One of the most empowering values espoused by psychological literature and self-help books is our ability to decide on our reactions in any given situation. The 7 Habits of Highly Effective People author Stephen Covey writes, "Look at the word responsibility - 'response-ability' - the ability to choose your response. Highly proactive people recognize that responsibility. They do not blame circumstances, conditions, or conditioning for their behaviour. Their behaviour is a product of their own conscious choice, based on values, rather than a product of their conditions, based on feelings."

He describes the difference between Proactive and Reactive people. Reactive people are easily influenced by their social environment - when people treat them well, they feel well; when people don't, they become defensive or protective. Reactive people build their emotional lives around the behaviour of others, empowering the weaknesses of other people to control them. Proactive people are also influenced by external stimuli; however, their response to the stimuli is a choice instead of a reaction.

In the words of Eleanor Roosevelt: "No one can hurt you without your consent."
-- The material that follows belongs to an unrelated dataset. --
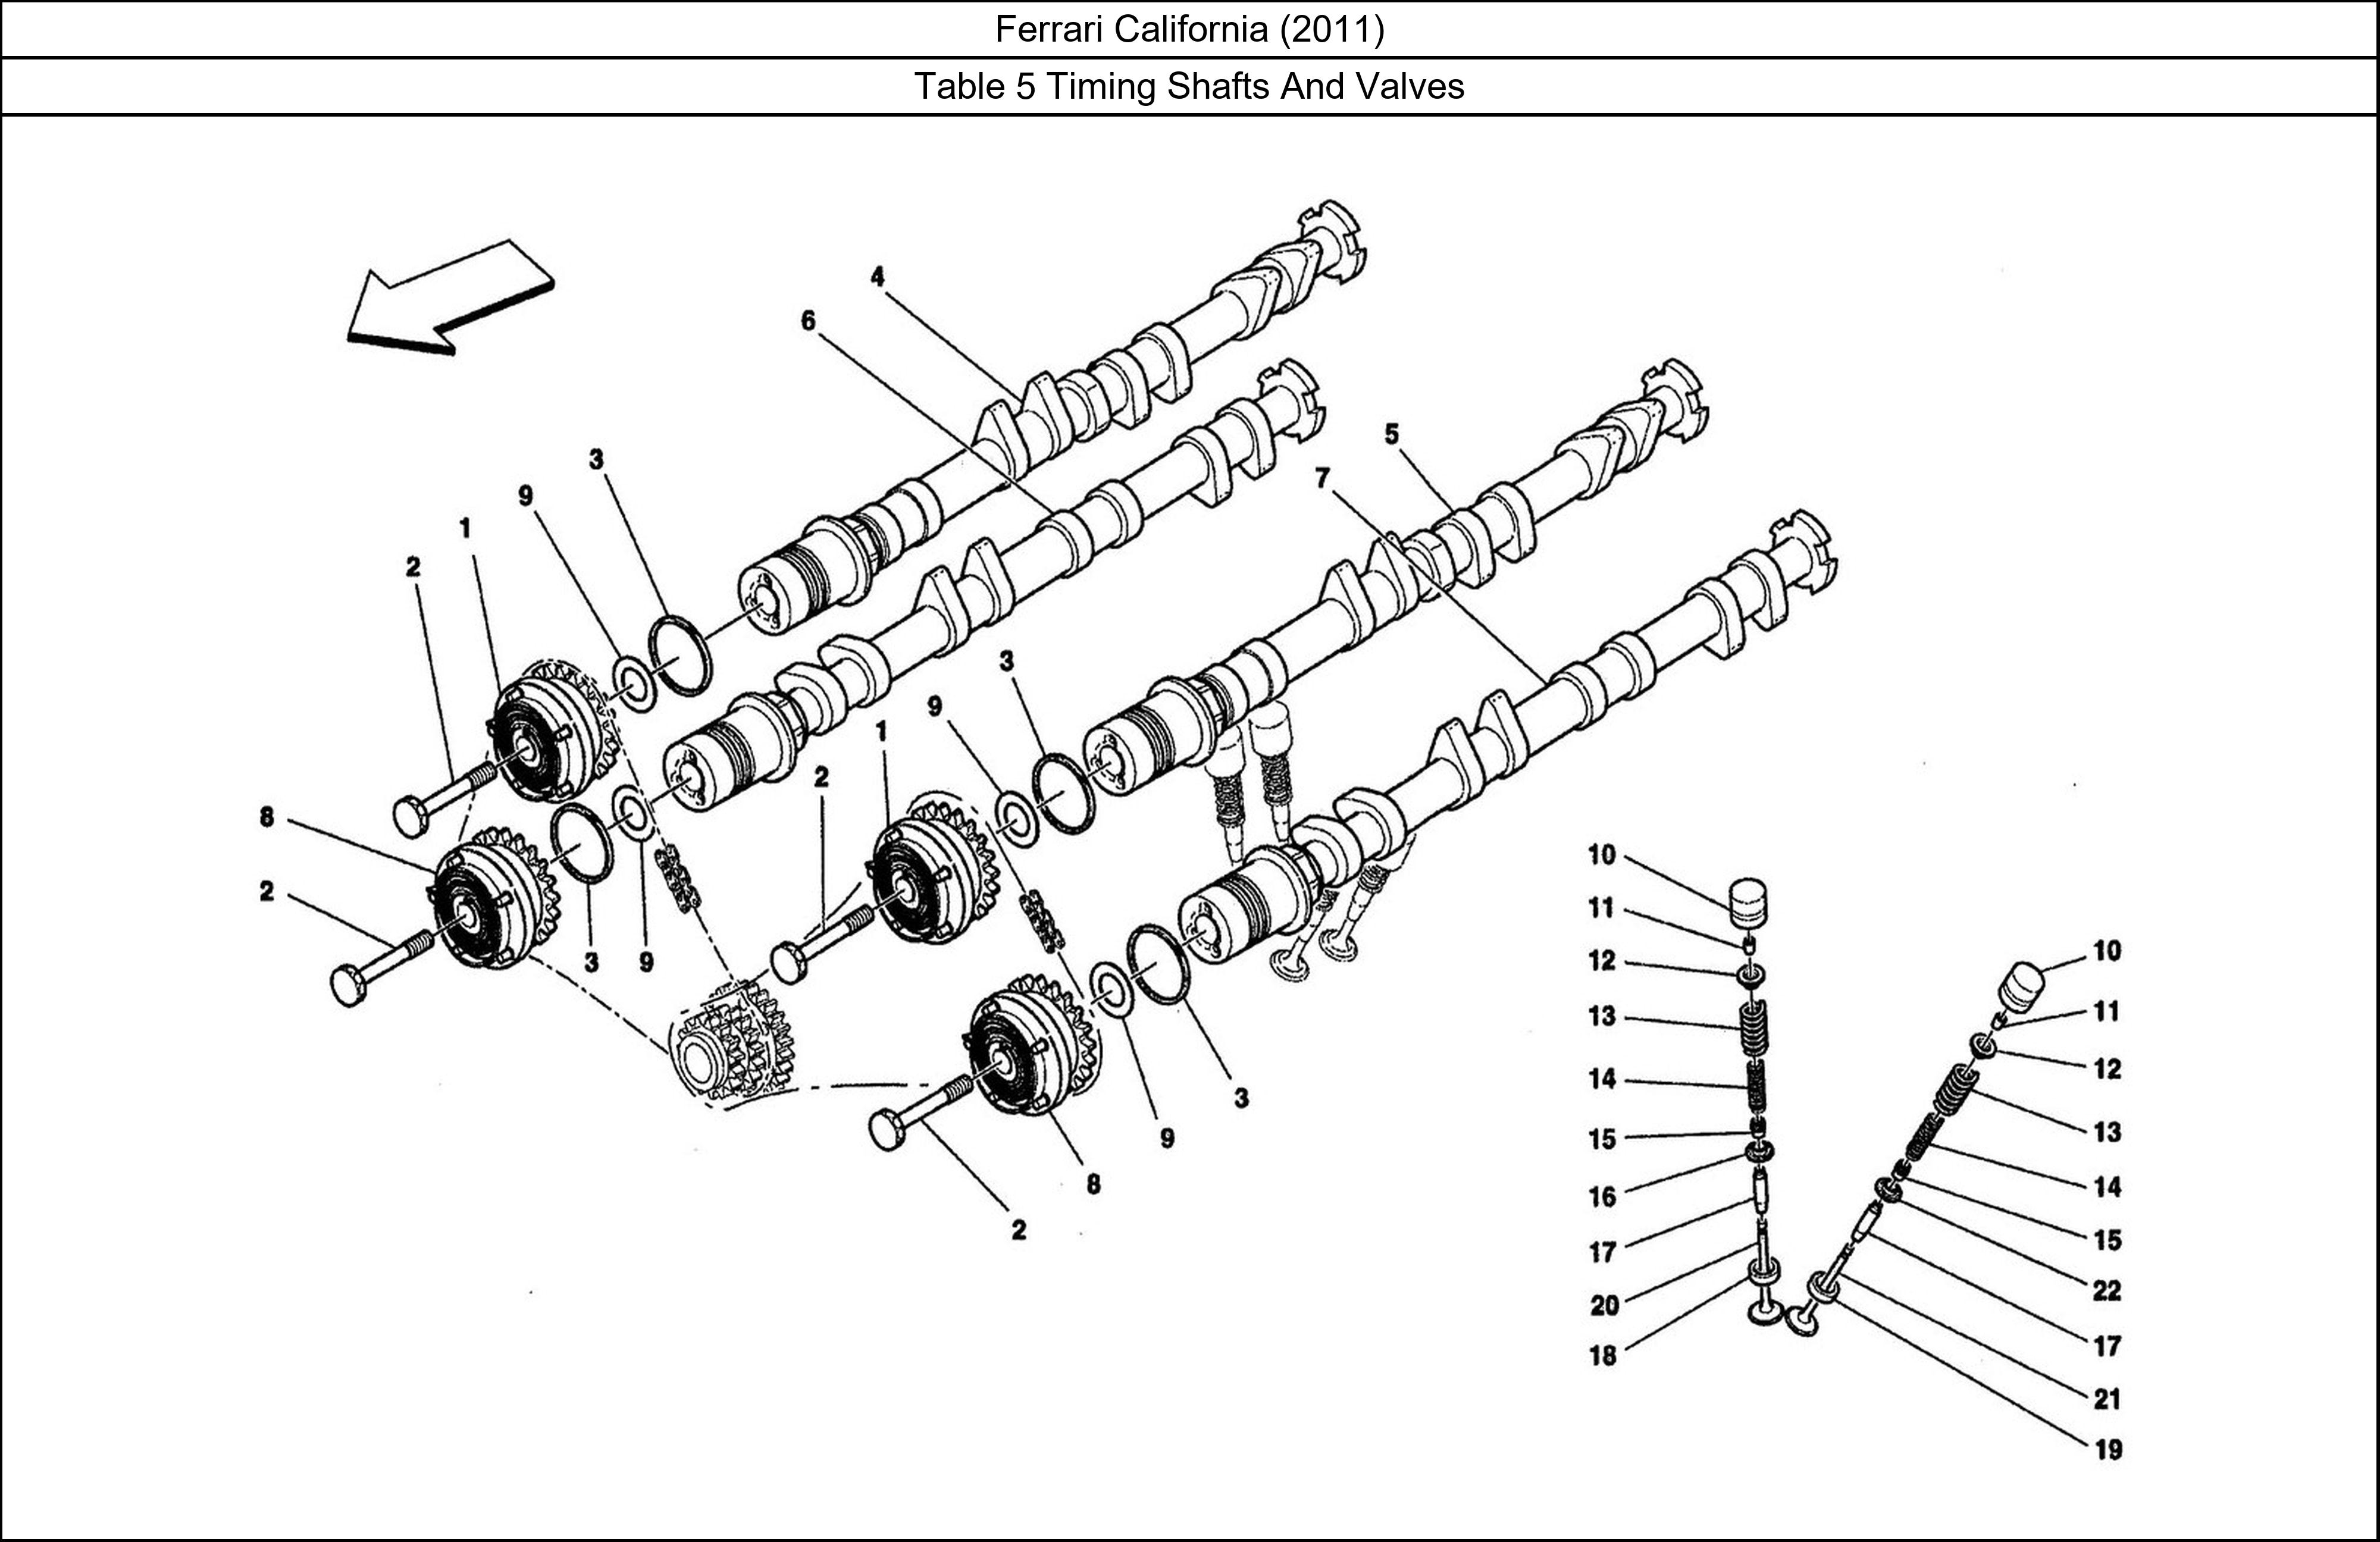 Ferrari Parts Ferrari California (2011) Table 5 Timing Shafts And Valves

In the words of Gandhi: "They cannot take away our self-respect if we do not give it to them."

Therefore take your emotions as they come, visualize them in a bubble, and set them where you can examine them. It gives you a clearer mind, a better view of the situation, what you wanted from it, the reasons why, and how you can express it in love.

You can't change the way people act, you can only change the way you react to or interpret them.

Processing your emotions doesn't mean suppressing them. There is a difference between accepting your emotions versus denying them. When you process your emotions, you accept them without judgment of yourself or of others. You view them neutrally as a third party would. This is not the same as sweeping your emotions under the carpet as they arise in you just so that you would not react in a way you might regret. Suppression of emotions this way is likely to backfire, because these unaddressed emotions will accumulate into bitterness, and there will be a point of time in future when a trigger would release the flood of resentment onto someone who was unfortunate enough to be the trigger. And that someone will likely be someone who matters to you.

Processing your emotions isn't going to be easy. It takes energy, it takes mindfulness, and it takes time. But it is worth it. You will grow as a person. You will be able to step back rationally, and see the bigger picture. You will become a master, and not a slave, to your emotions. Relationships improve, conflicts reduce, understanding increases... and it all starts with you.